Skip the images; return every entry exactly.
─── Dataset excerpts ───
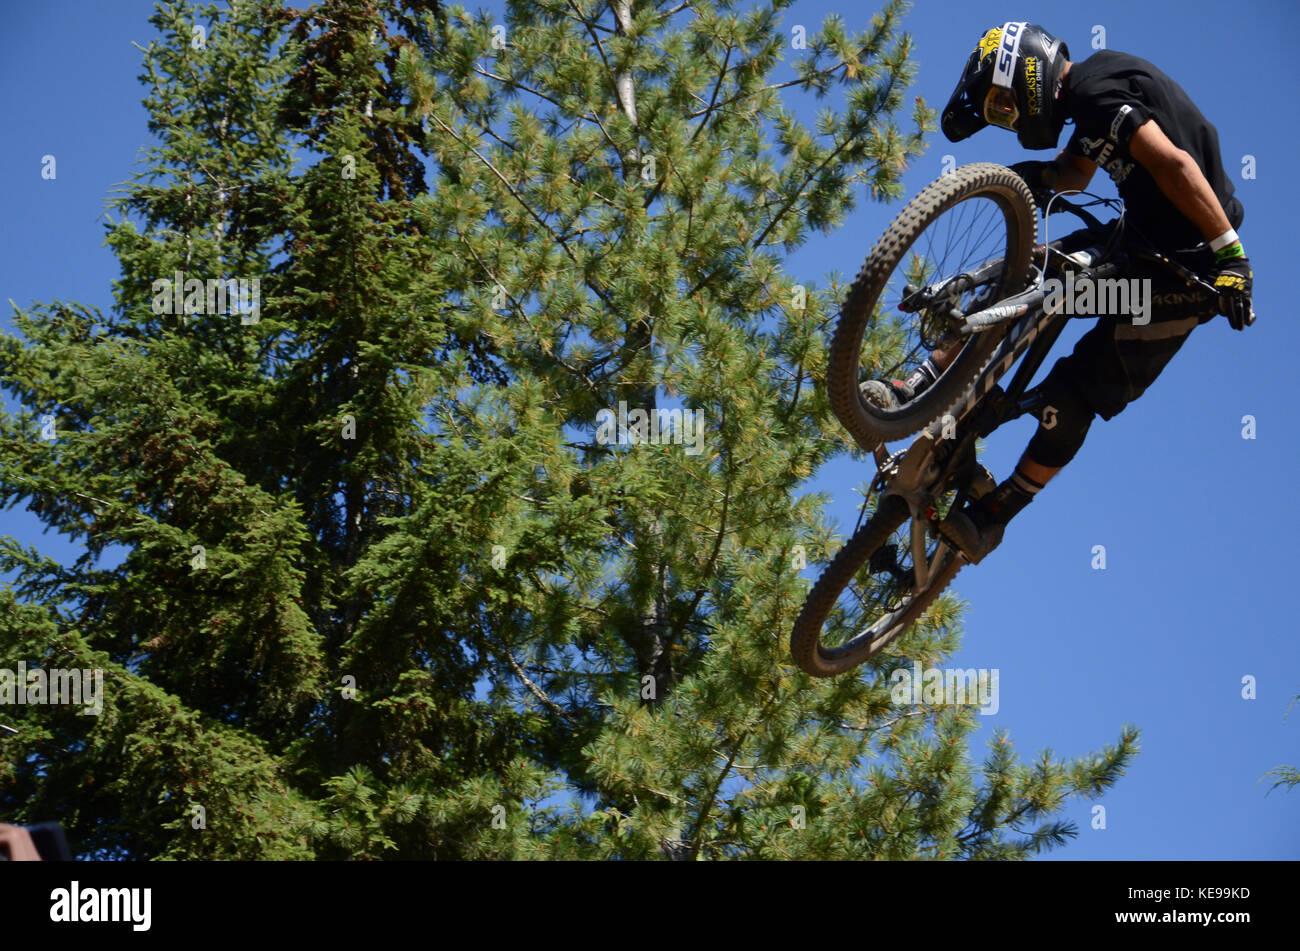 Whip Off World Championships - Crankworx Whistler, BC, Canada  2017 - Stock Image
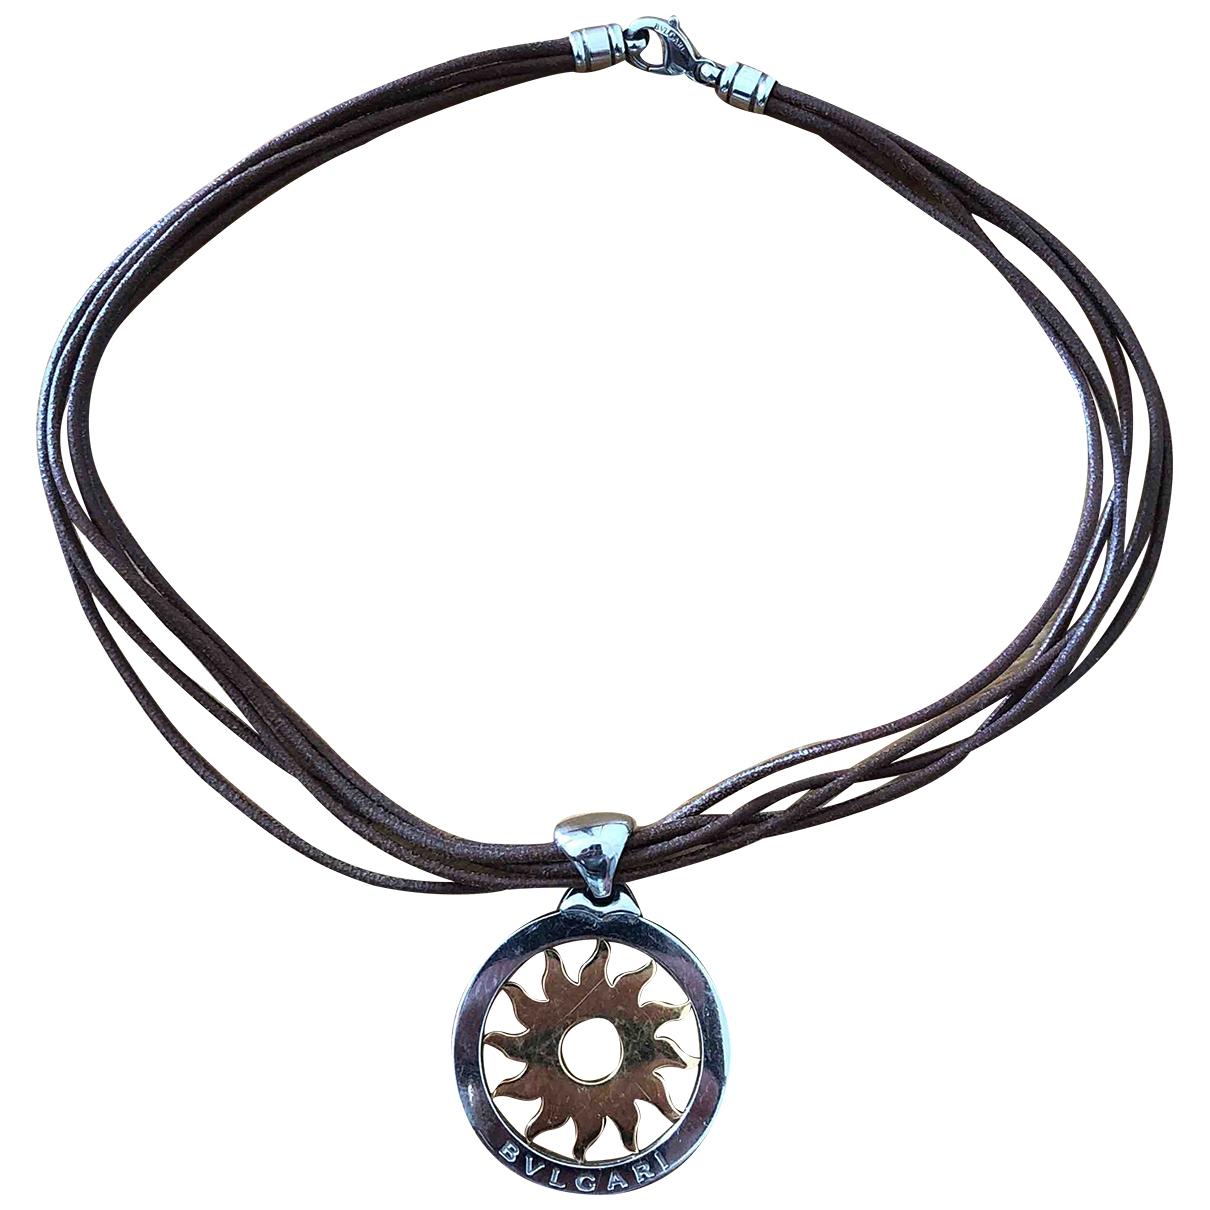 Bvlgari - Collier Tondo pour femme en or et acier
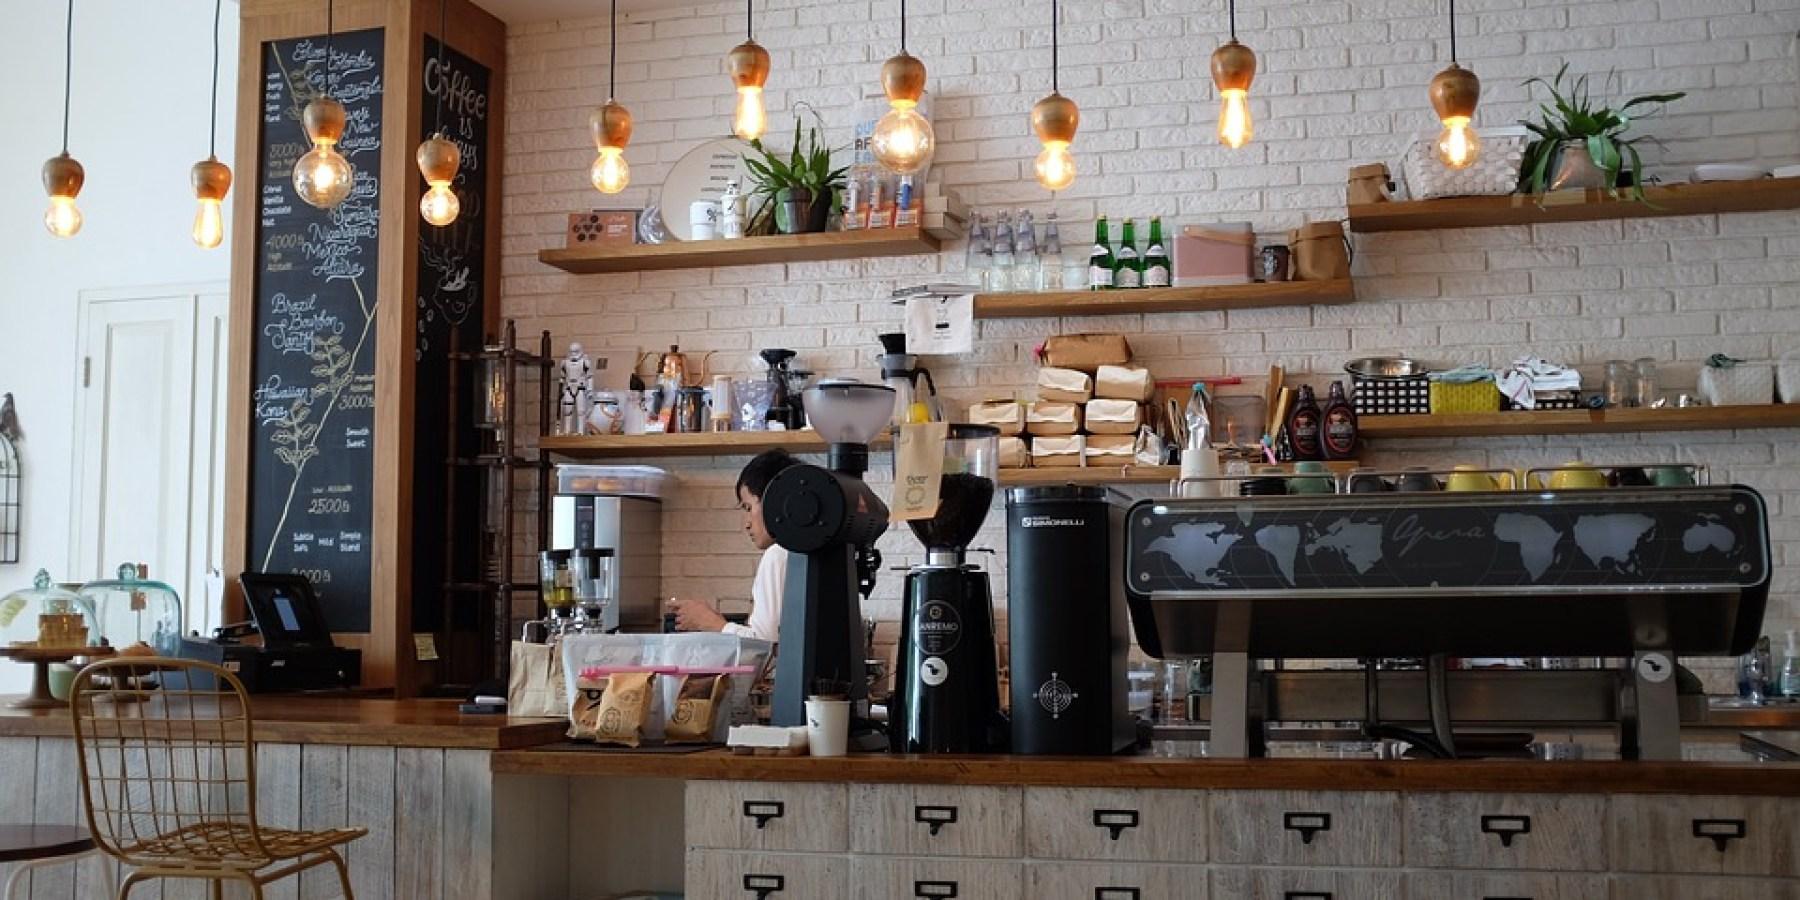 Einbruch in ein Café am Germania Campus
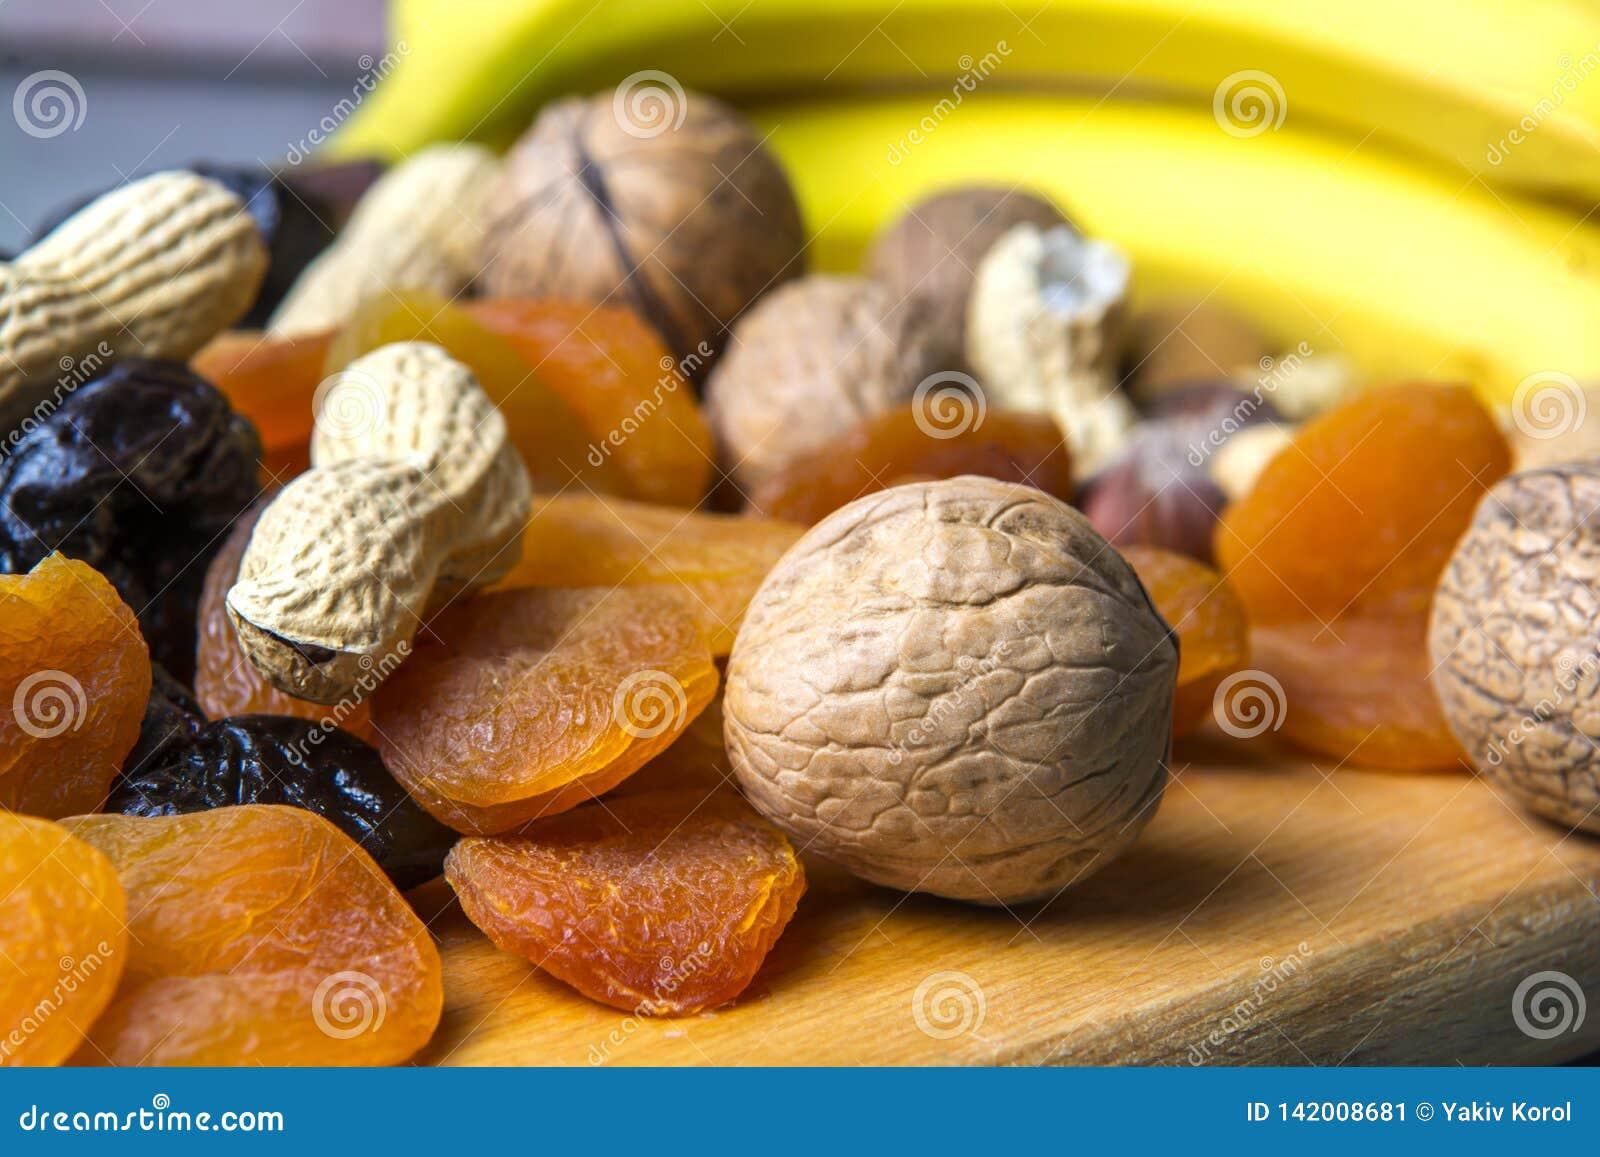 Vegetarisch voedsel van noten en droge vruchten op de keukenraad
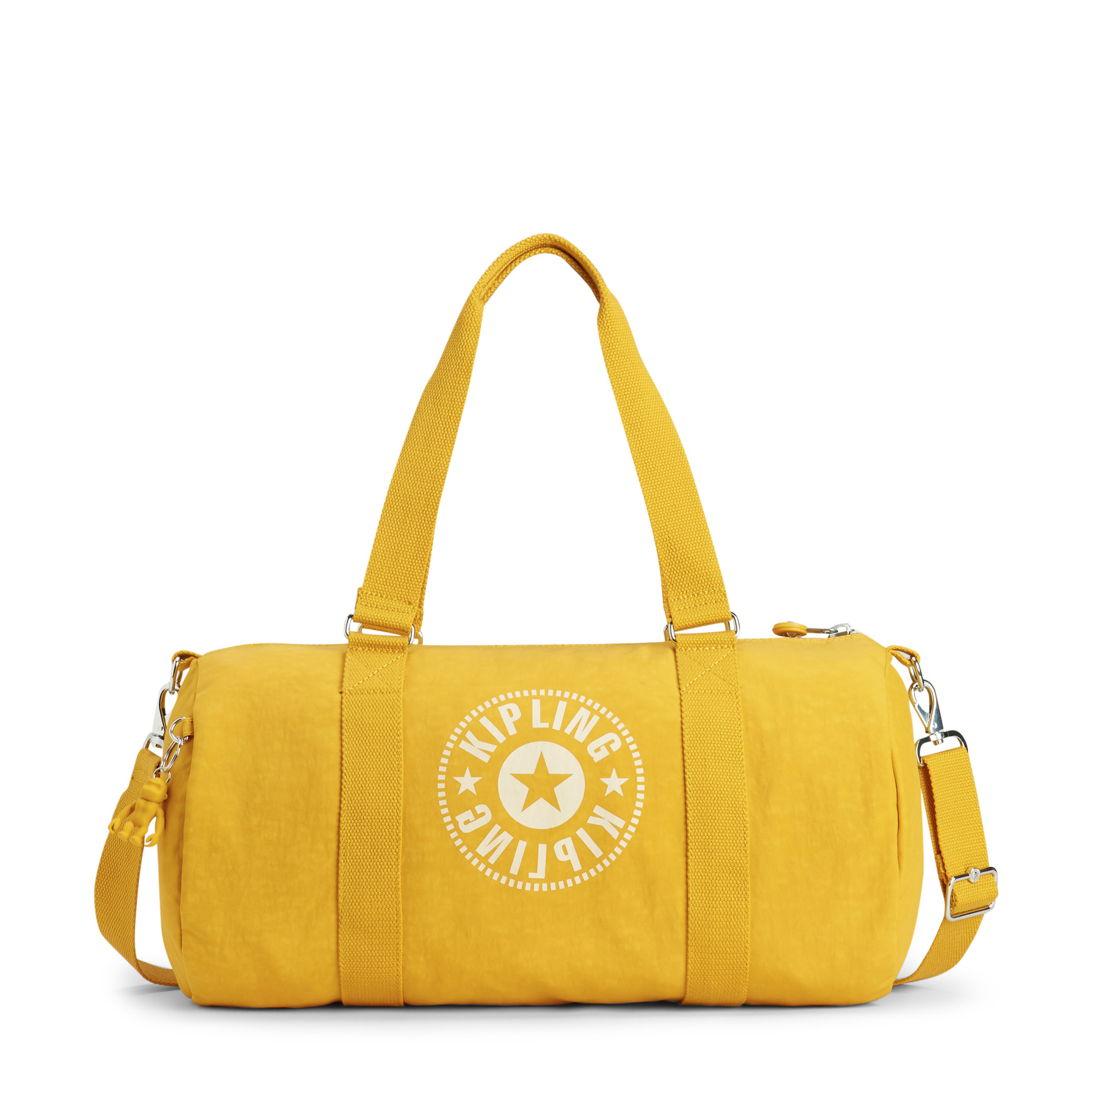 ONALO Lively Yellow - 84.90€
───
◆ **Written solution**
 Whip Off World Championships - Crankworx Whistler, BC, Canada  2017 - Stock Image
 Bvlgari - Collier Tondo pour femme en or et acier
 Einbruch in ein Café am Germania Campus
 Vegetarisch voedsel van noten en droge vruchten op de keukenraad
 ONALO Lively Yellow - 84.90€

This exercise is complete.